DATA EXTRACT below:
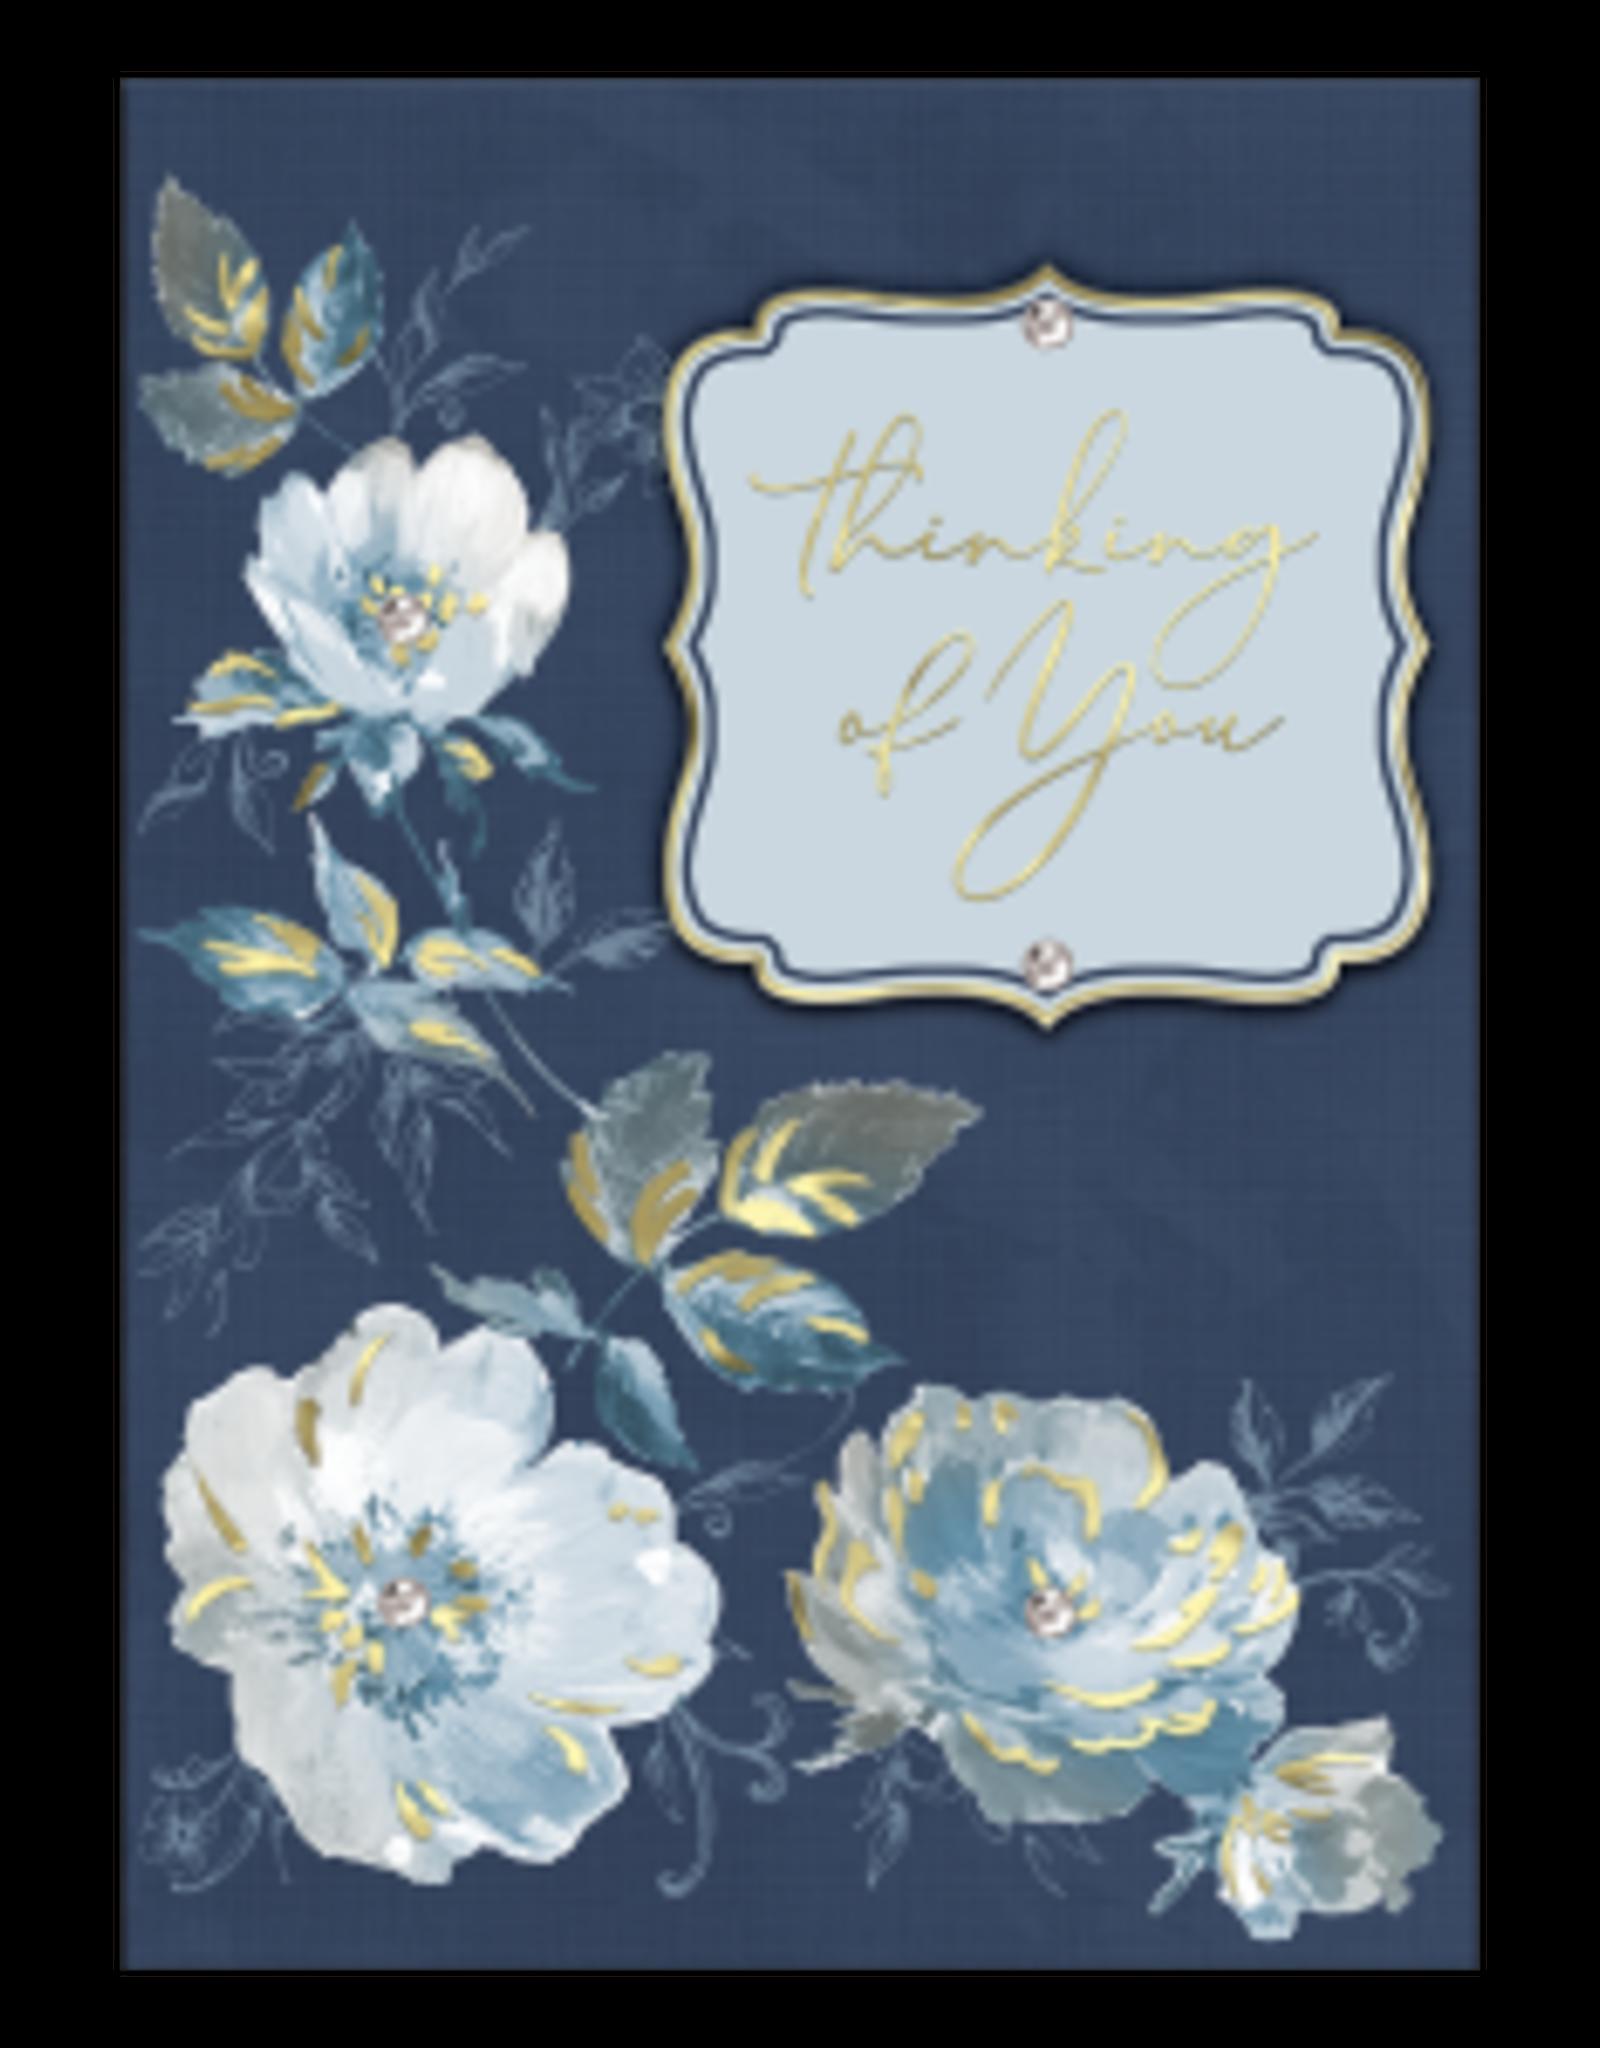 - Indigo Hues Thinking of You Card
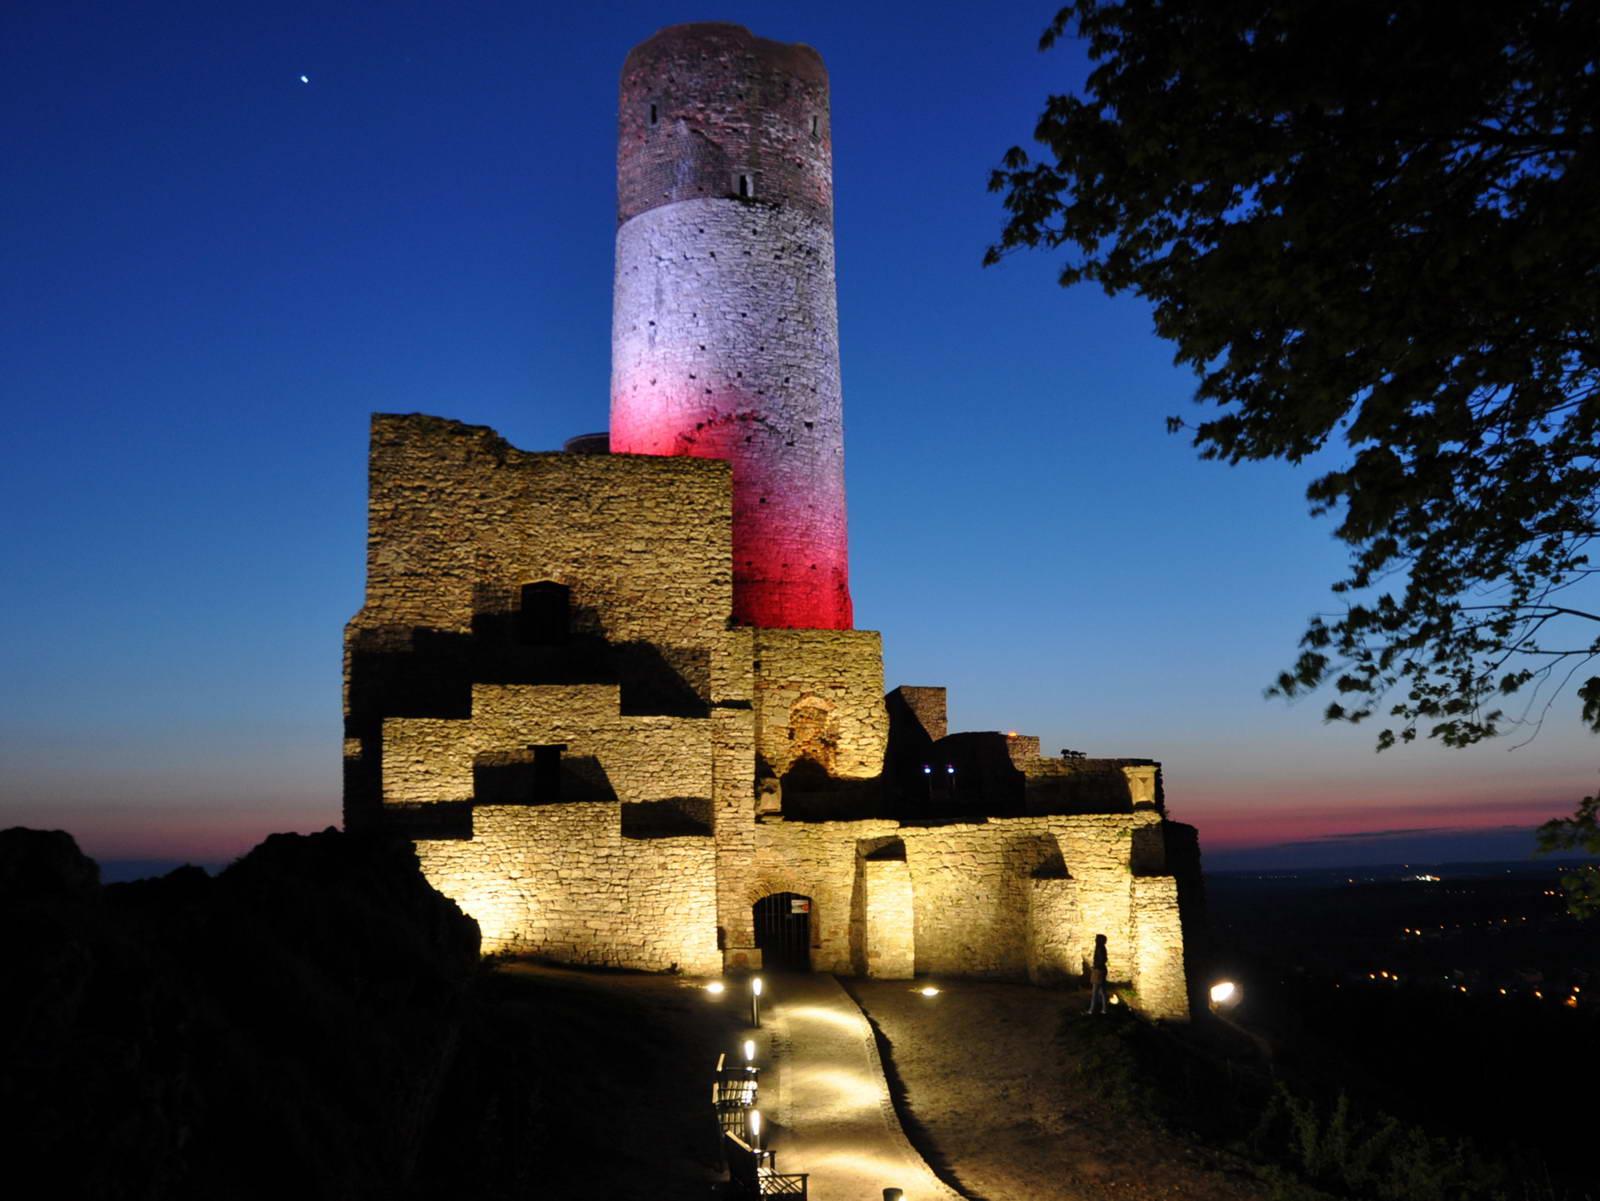 źródło: http://www.zamek.checiny.pl/galeria-multimedialna/zamek-noca
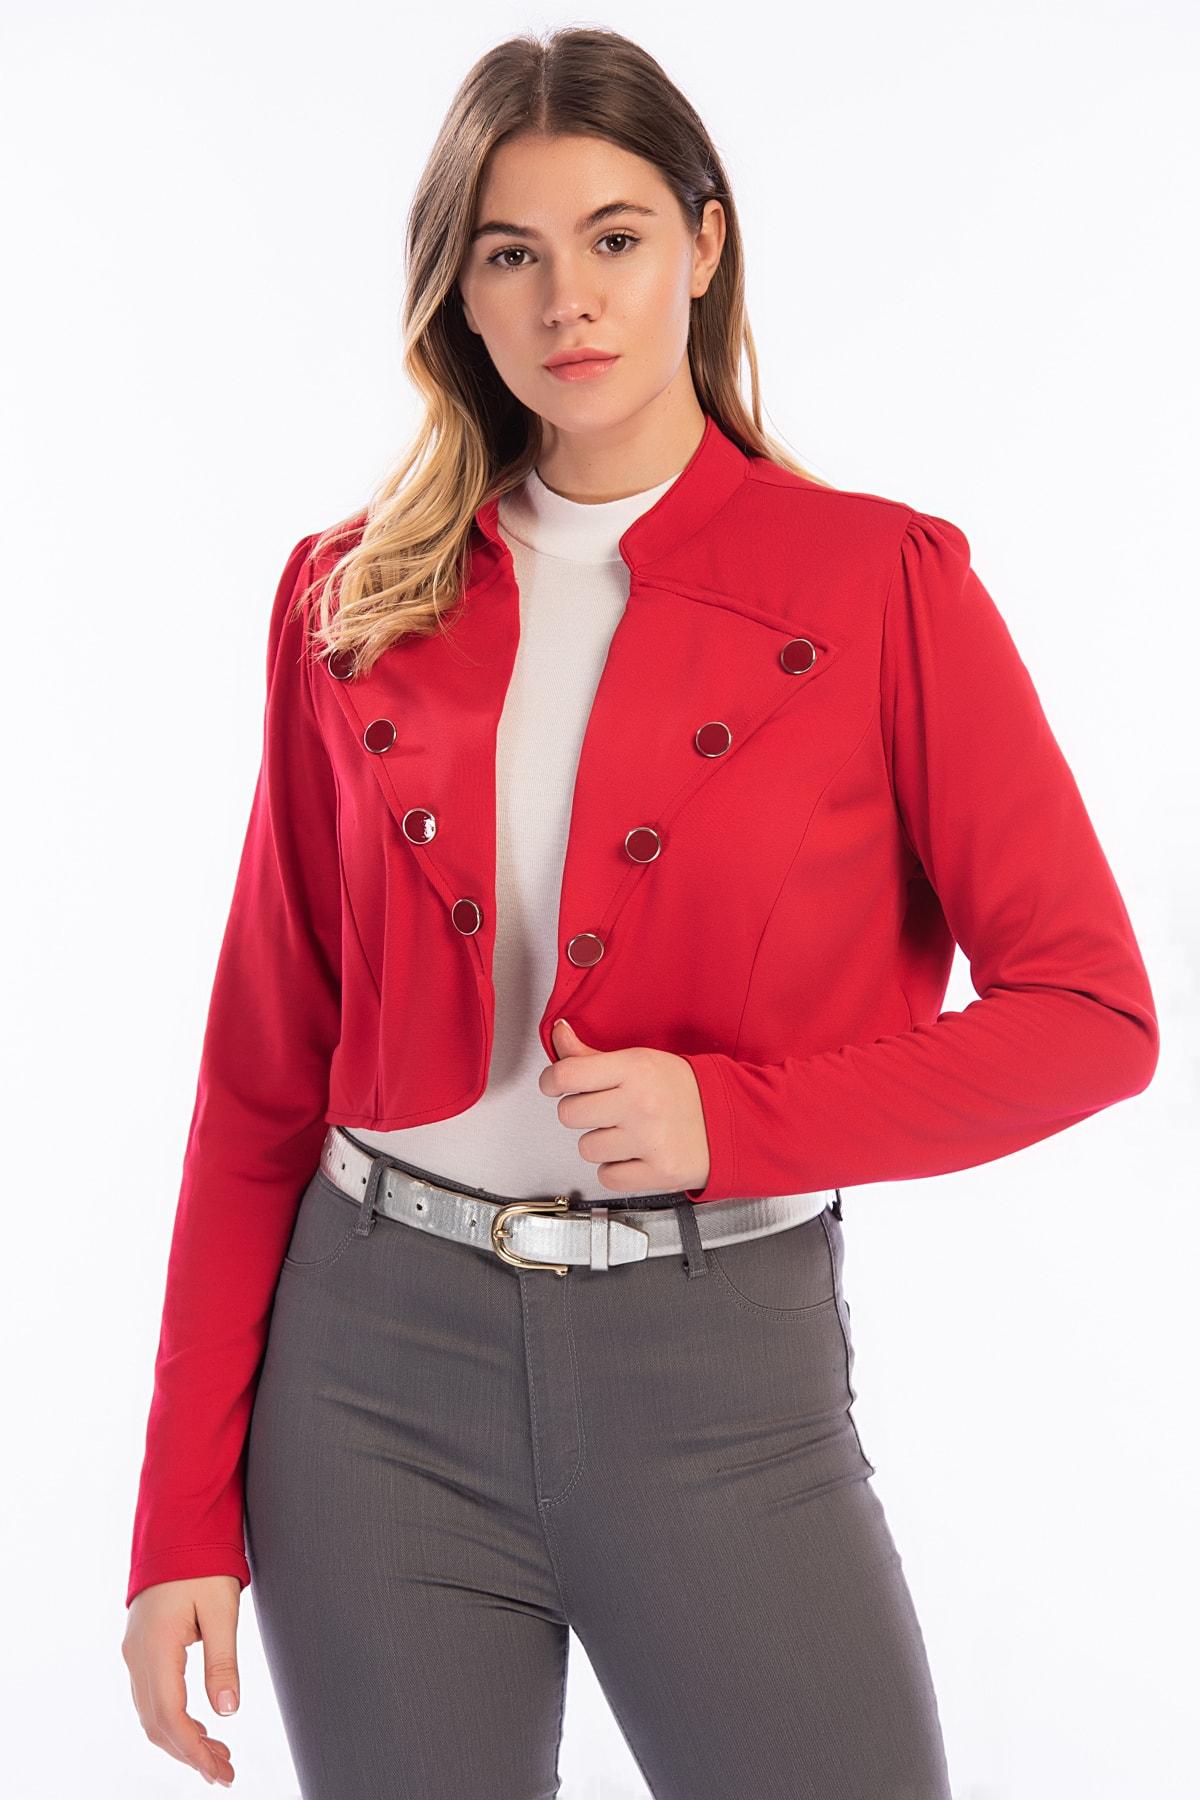 Şans Kadın Kırmızı Düğme Detaylı Kısa Bolero Ceket 26A12715Kırmızı 1
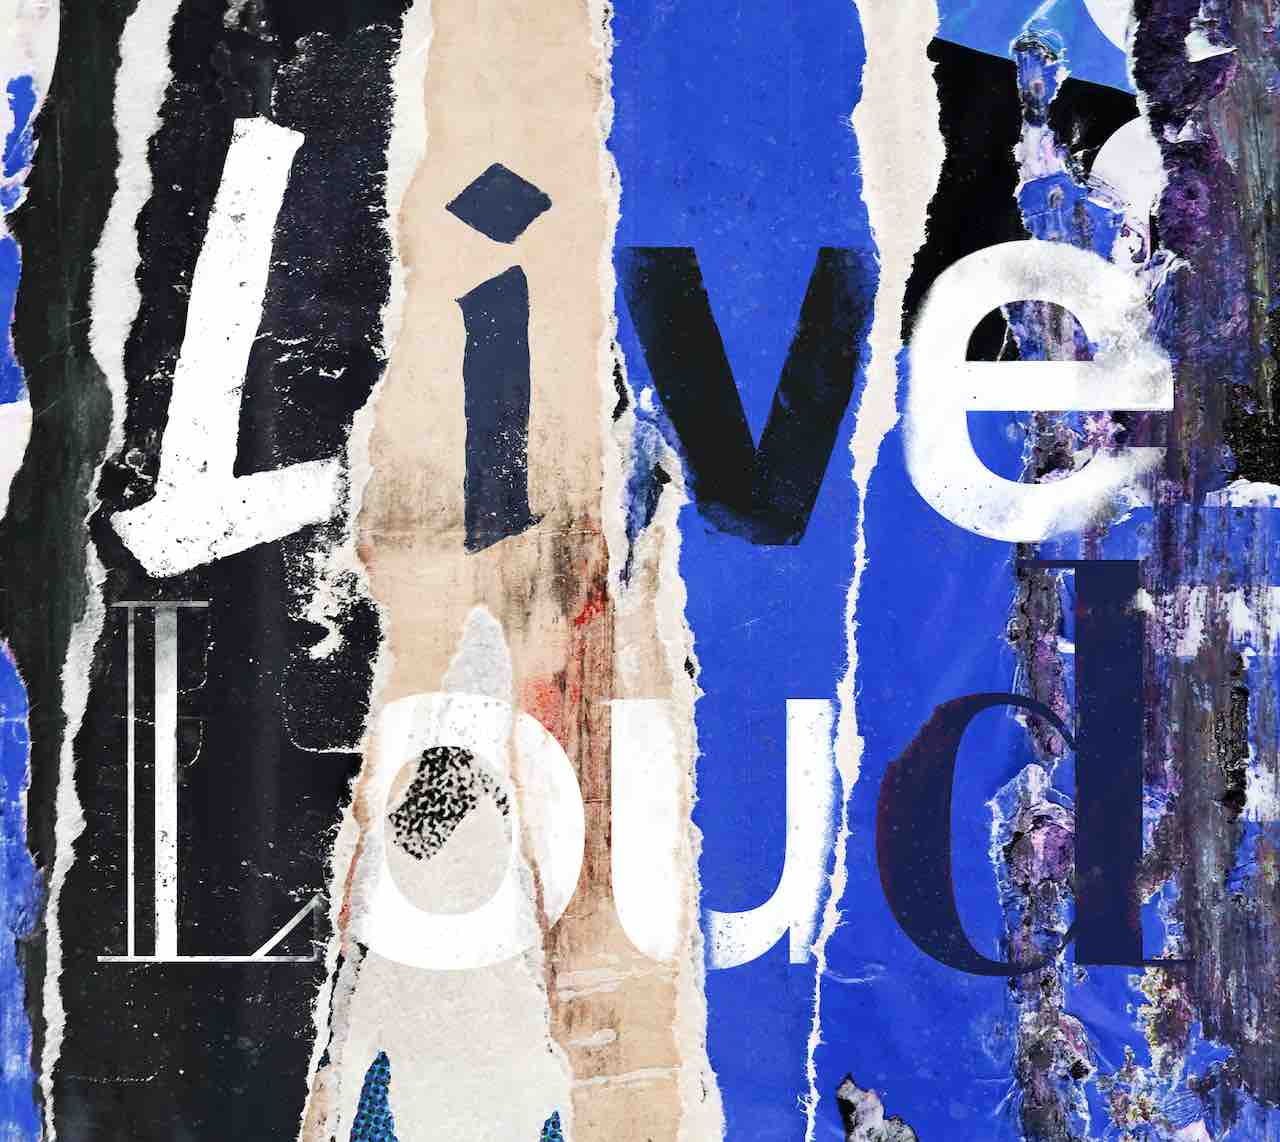 THE YELLOW MONKEY、結成30周年記念のドームツアーから厳選された楽曲を収録した20年ぶりのライブアルバムが完成!
End of DATA EXTRACT.
EXERCISE AIM
Leave out the pictures; repeat the data exactly.

RESPONSE FOR THIS EXERCISE
 - Indigo Hues Thinking of You Card
 źródło: http://www.zamek.checiny.pl/galeria-multimedialna/zamek-noca
 Şans Kadın Kırmızı Düğme Detaylı Kısa Bolero Ceket 26A12715Kırmızı 1
 THE YELLOW MONKEY、結成30周年記念のドームツアーから厳選された楽曲を収録した20年ぶりのライブアルバムが完成!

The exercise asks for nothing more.